* _What is needed_
Repeat word for word the lines from the one containing "Ansiktet av en kvinna med kort rödblont hår." to the end of the material below, and leave all pictures out.

* _Data extract_
_____
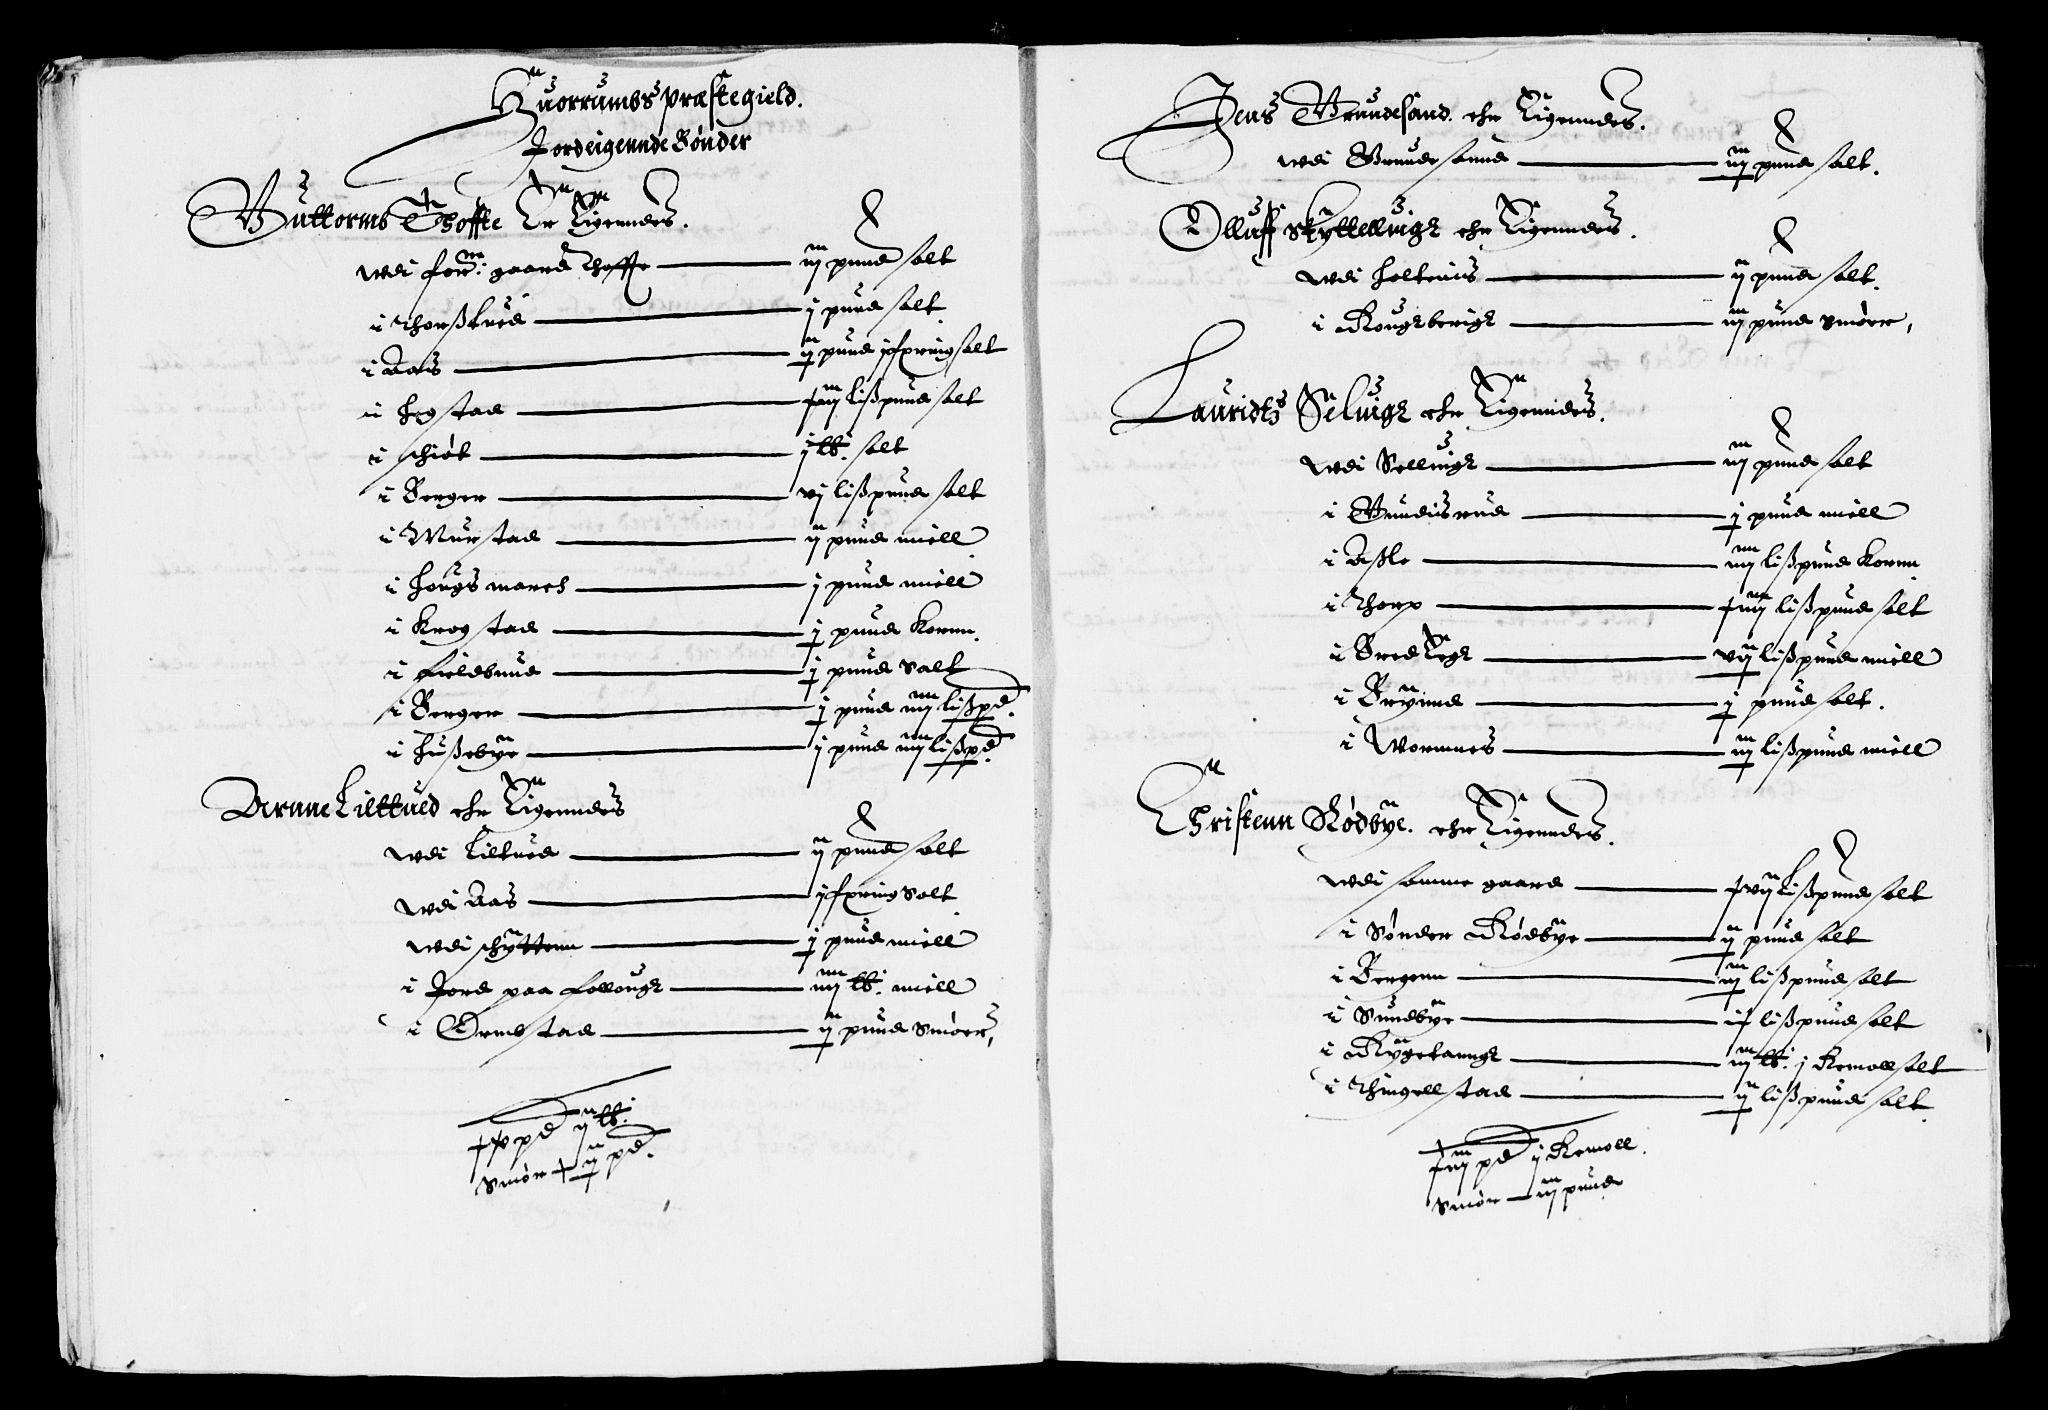 RA, Rentekammeret inntil 1814, Reviderte regnskaper, Lensregnskaper, R/Rb/Rba/L0138: Akershus len, 1632-1639
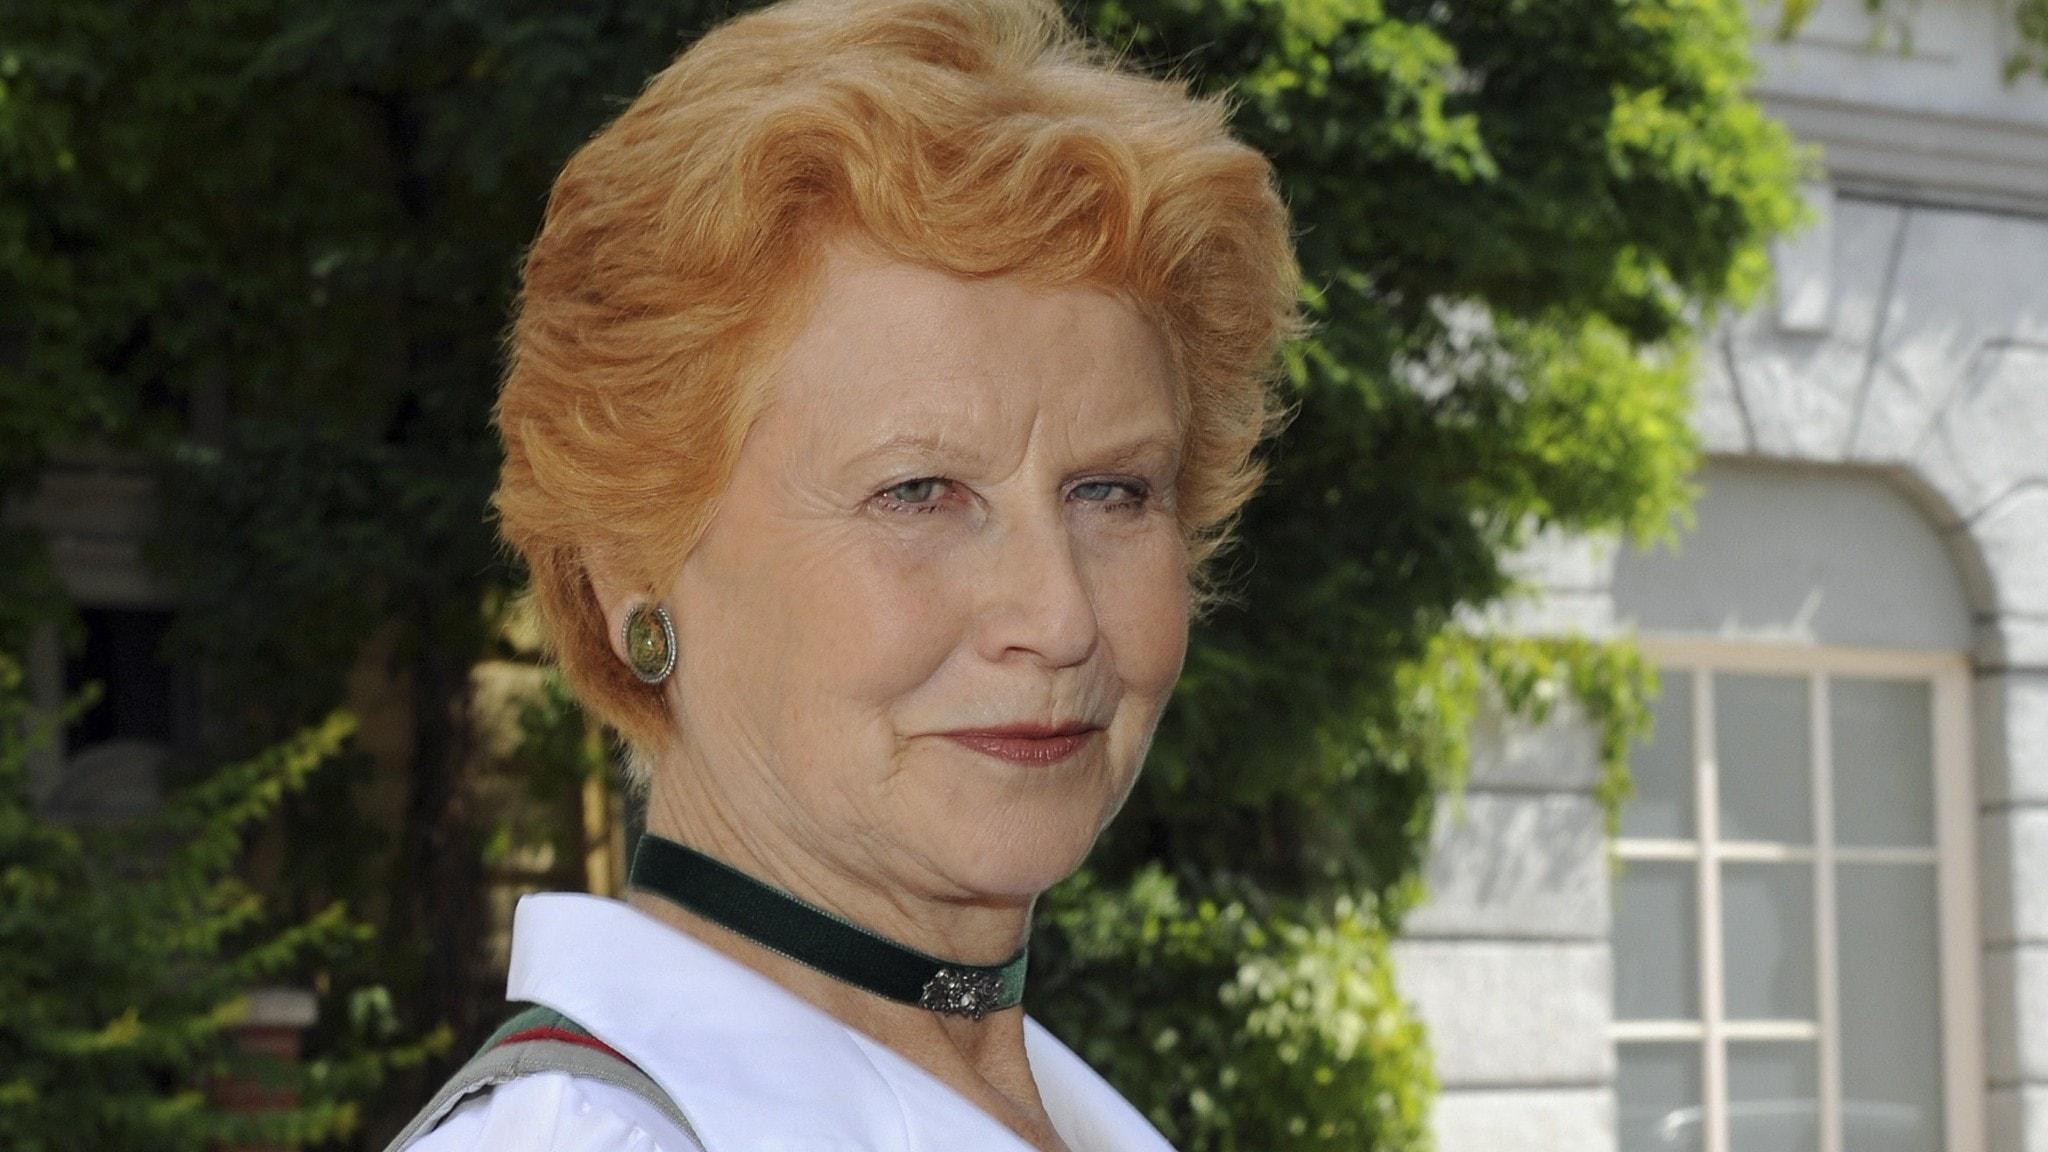 Ansiktet av en kvinna med kort rödblont hår.
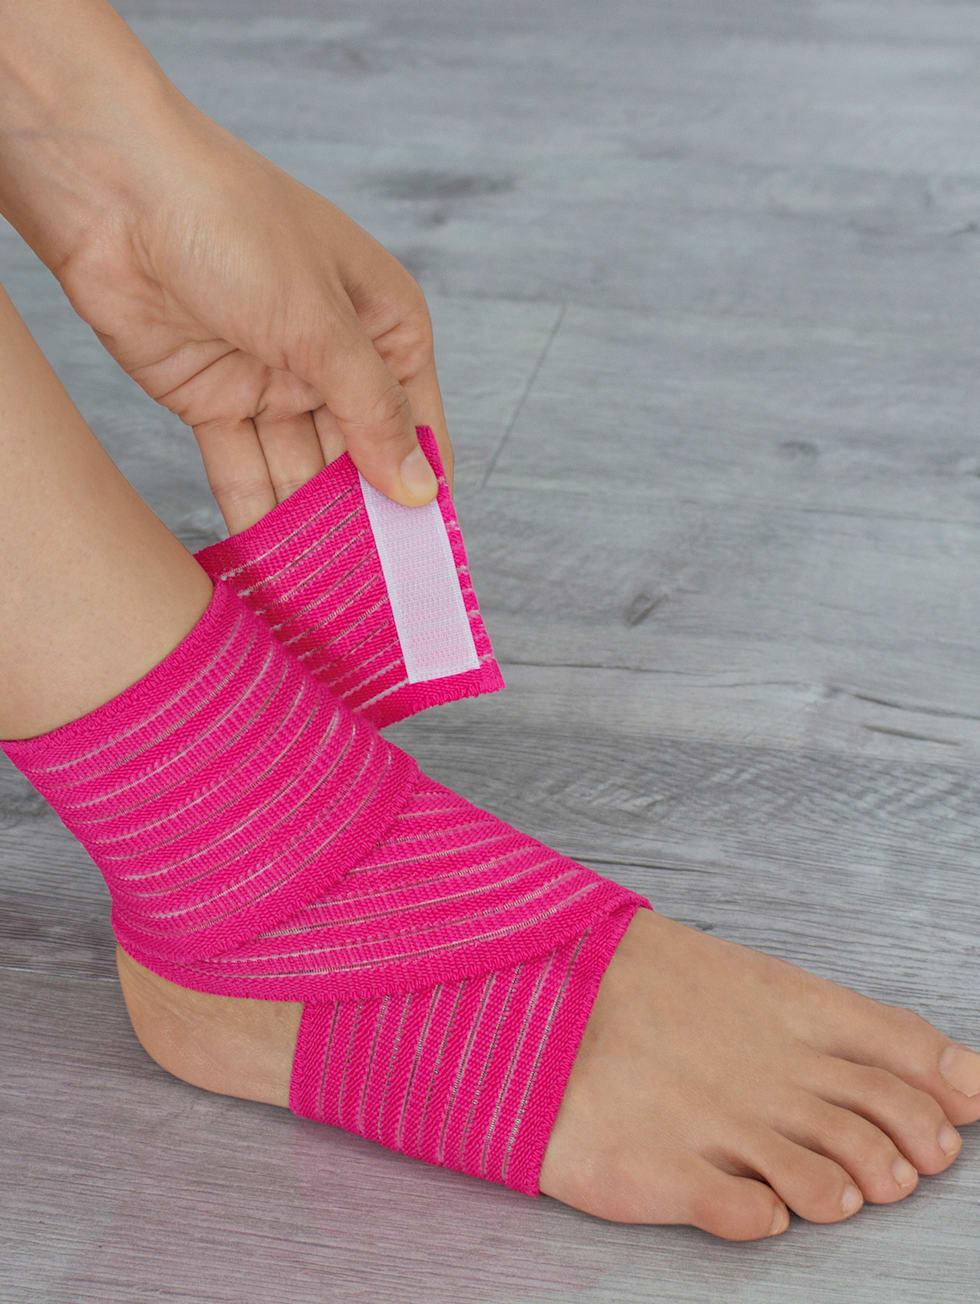 Wellsana Bandages
_____
* _Completed task_
 Ansiktet av en kvinna med kort rödblont hår.
 Wellsana Bandages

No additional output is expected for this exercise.